楚瑤跑過去拔開了門閂。殷九棠站在門口,左臂的袖子被劃開了一道口子,傷口不深,滲著一層薄薄的血跡。她面色如常,看見楚瑤蹲在門口仰頭看她的模樣,嘴角扯了一下:“看什麼?沒見過人掛彩?”
“進來我給你包。”楚瑤拉著她那隻沒受傷的胳膊往屋裡走。殷九棠被她拽進去在獸皮墊上坐下,楚瑤從角落一隻木箱裡翻出一卷乾淨的布條,蹲在她面前替她纏傷口。殷九棠低頭看著楚瑤繞布條的手指,那雙手在微微發抖,可一圈一圈纏得極穩極仔細。
“黑焰堂的人不會罷休。”殷九棠說,“他們知道我找了你,也想搶你回去。”
楚瑤纏完最後一圈打了個結,抬頭看她:“他們要搶我去做什麼?”
“做傀儡。黑焰堂堂主當年是我爹的副手,他叛出去後一直想自立為魔尊,可血脈不正宗,魔族不認他。要是把你搶回去,操控你的魔血冒名頂替,他就能名正言順統領所有魔宗餘部。”
楚瑤手上的動作頓了一下,隨即繼續把布條尾端掖好:“所以他們不會殺我?”
“不會。但你落到他們手裡,比死了還慘。”
楚瑤站起來把剩下的布條放回箱子裡,背對著殷九棠站了片刻。她低頭看著自己的手,腕上印記在方才那一陣心緒波動中又亮了幾分,那些暗金色的細絲正沿著經脈緩慢流動。

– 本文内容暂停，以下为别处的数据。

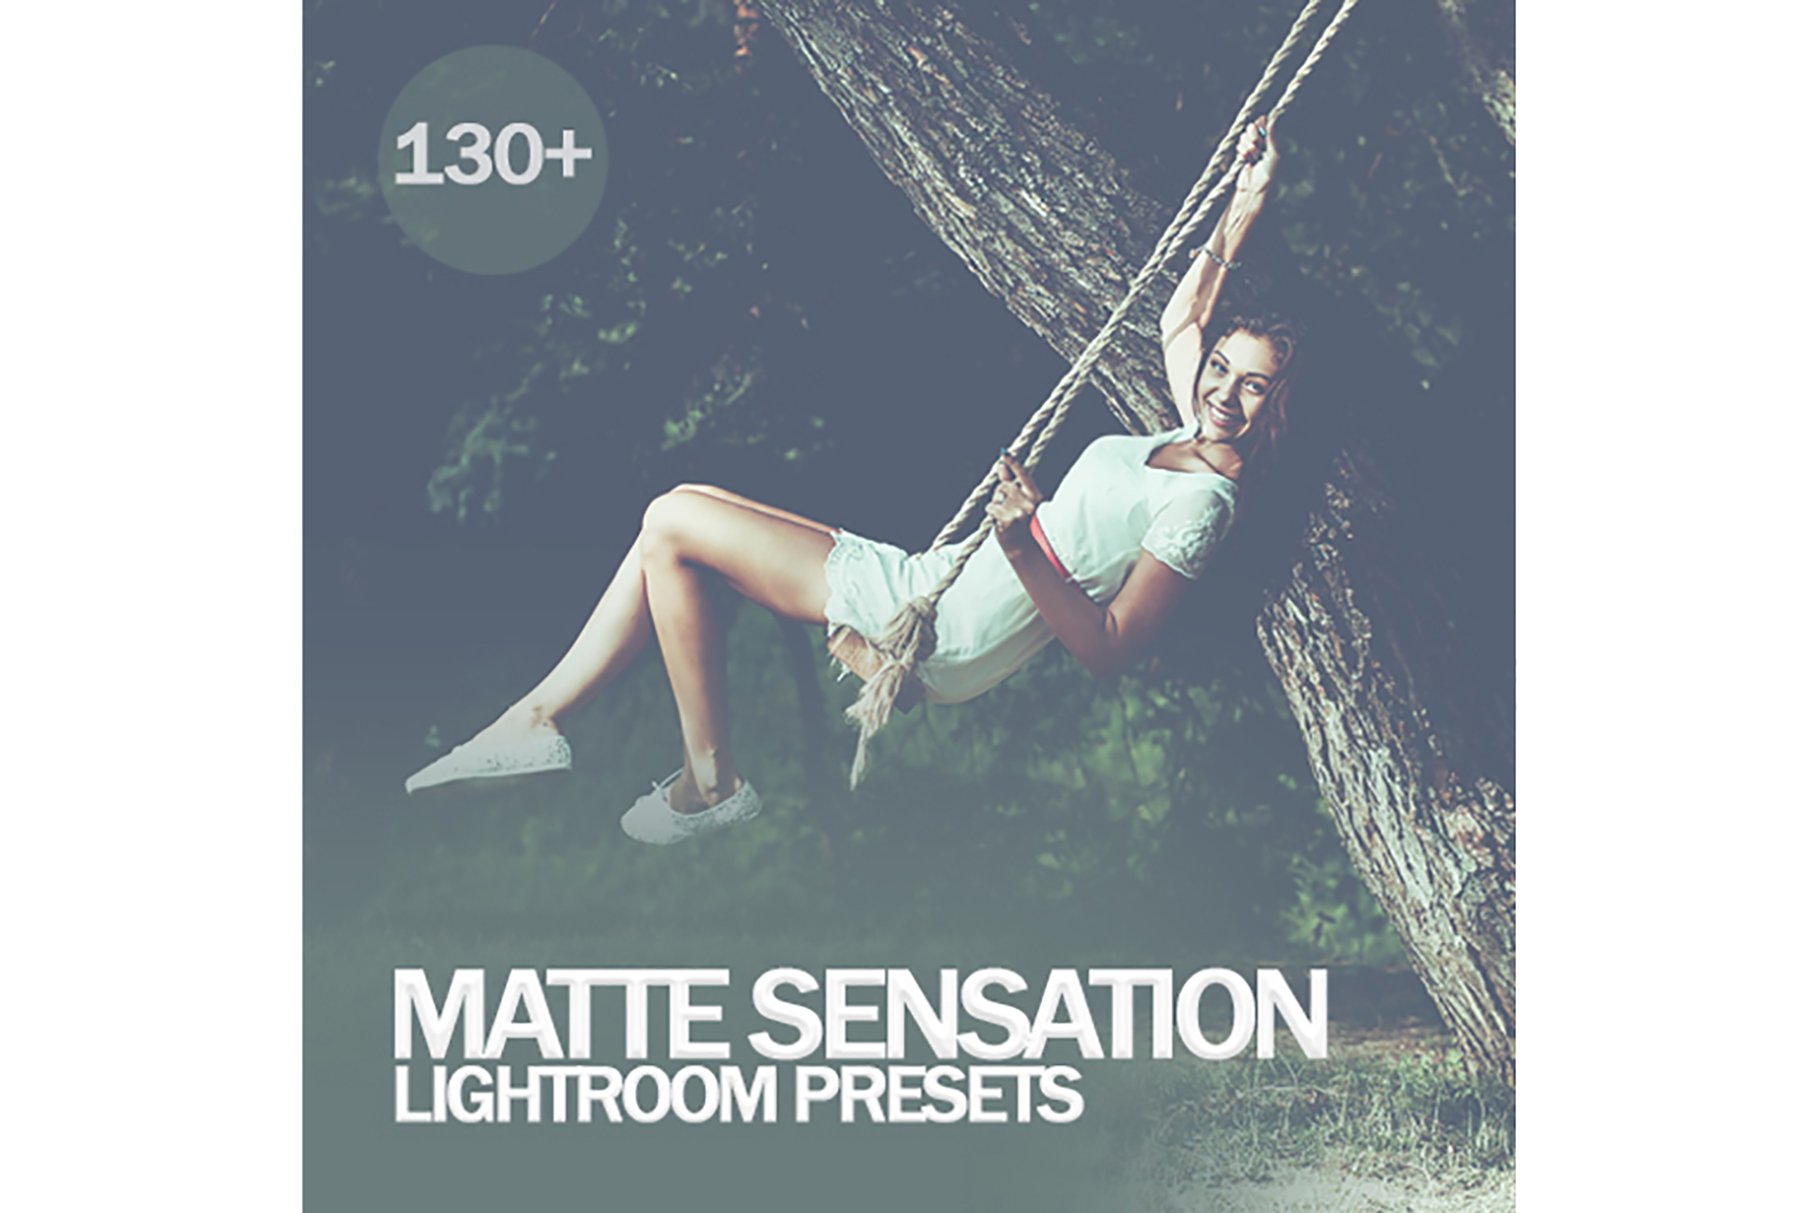 Matte Sensation Lightroom Presetscover image.

“你替我擋了一刀,”她說,聲音背對著殷九棠,“為什麼?你大可以把他們引進來,讓他們跟我打,你坐山觀虎鬥。”
殷九棠靠在牆邊,拿沒受傷那隻手撥弄銅爐裡的炭火。火光在她的側臉上跳躍了一會兒,她才開口:“我爹當年也被人搶過。他小時候被人綁走過三個月,被當做血引子喂藥,差點死在外面。我奶奶殺了一整座山頭的人才把他撈回來。”她把火鉗擱下,抬起頭看著楚瑤的背影,“我不想看別人也走那條路。”

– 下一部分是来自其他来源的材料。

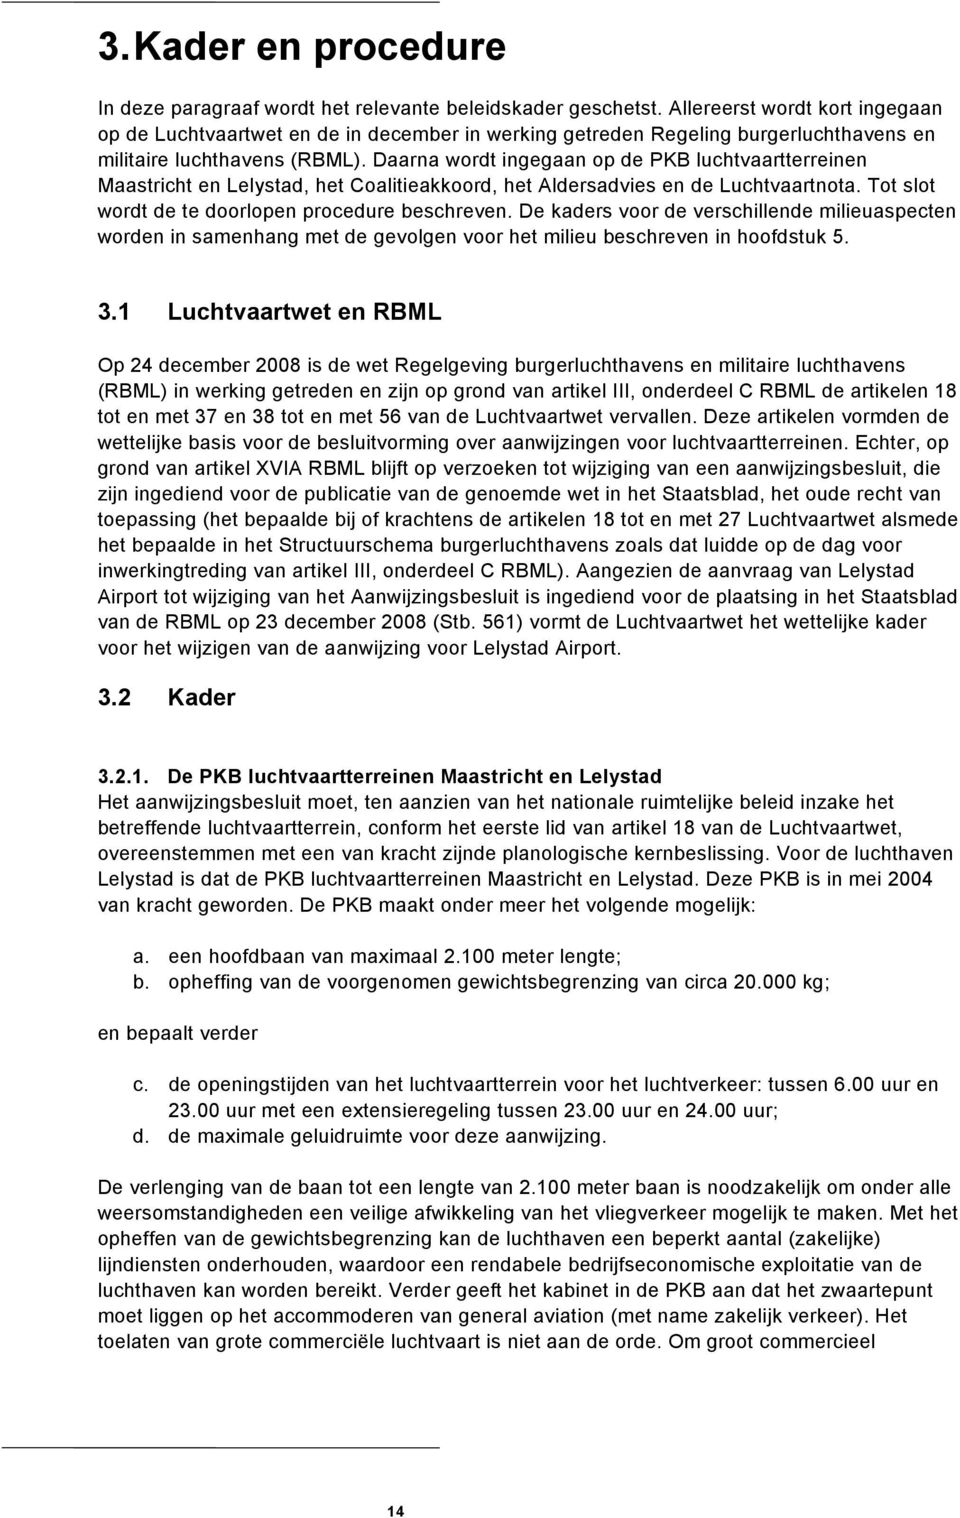 Daarna wordt ingegaan op de PKB luchtvaartterreinen Maastricht en, het Coalitieakkoord, het Aldersadvies en de Luchtvaartnota. Tot slot wordt de te doorlopen procedure beschreven.

楚瑤轉過身看著她。殷九棠靠在牆上,火光將她的臉照得半明半暗,那粒硃砂痣在暗處越發鮮紅。她受了傷卻還翹著嘴角,一副“多大點事”的模樣,可她眼底那層暗紅底下分明有什麼東西在翻湧,像一鍋被蓋子壓住的水。
“殷九棠。”楚瑤走過去在她對面坐下,伸手從碟子裡拿了粒花生剝開遞給她,“你昨天說,學會控血之後我想走你不攔。可如果我走了,黑焰堂還是會找你麻煩。”

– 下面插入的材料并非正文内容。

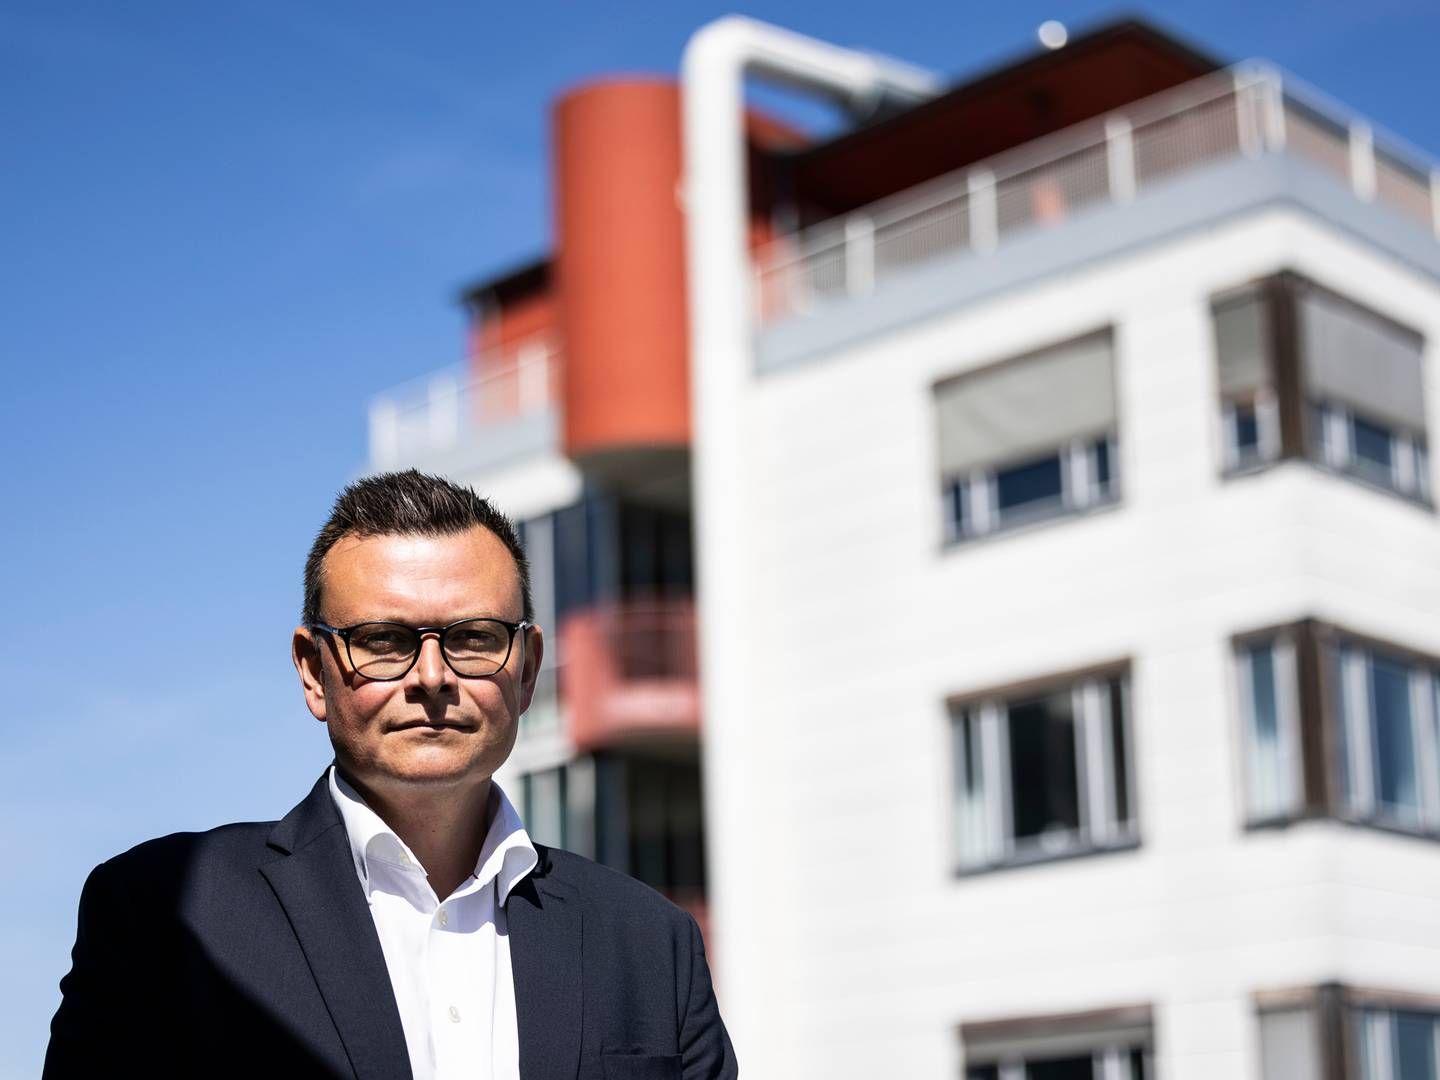 Fremadrettet vil Nordea være opsøgende i jagten på nye kunder til ejendomsfinansiering i flere afkroge af Danmark ifølge den nye head of real estate i erhvervsafdelingen, Morten Egon Jørgensen. | Photo: PR / Nordea

殷九棠接過花生扔進嘴裡嚼了,含含糊糊道:“那也得打得過我。”
“我一個人走,他們還是會追。我把他們的目光從你谷地裡引開,你這裡才能安寧。”楚瑤又剝了一粒花生遞過去,“我學會控血之後,你放我走,我自己把黑焰堂的人引走。行不行?”
殷九棠嚼花生的動作停了一下。她抬眼看了楚瑤好一會兒,那雙桃花眼裡那層暗紅慢慢沈了下去,沈到一種近乎柔軟的顏色。她沒有接那粒花生,而是伸手把楚瑤的手連同那粒花生一起按住了。
“你少自作主張。”她說,嗓音比方才低了幾分,“這谷里我說了算。我說放你走你才能走,我說不放,你蹲這兒給我剝一輩子花生。”
楚瑤被她按著的手動彈不得。她張了張嘴想說什麼,殷九棠已經把手鬆開靠回牆邊去了。她低頭看見自己手心裡那粒花生被捏碎了,碎末沾在掌紋裡。
“你把花生捏碎了。”她說。
殷九棠別過臉去:“再剝一粒。”
楚瑤從碟子裡又拿了一粒剝好遞過去。這回殷九棠接了,嚼得很慢。兩人誰都沒再提走不走的事。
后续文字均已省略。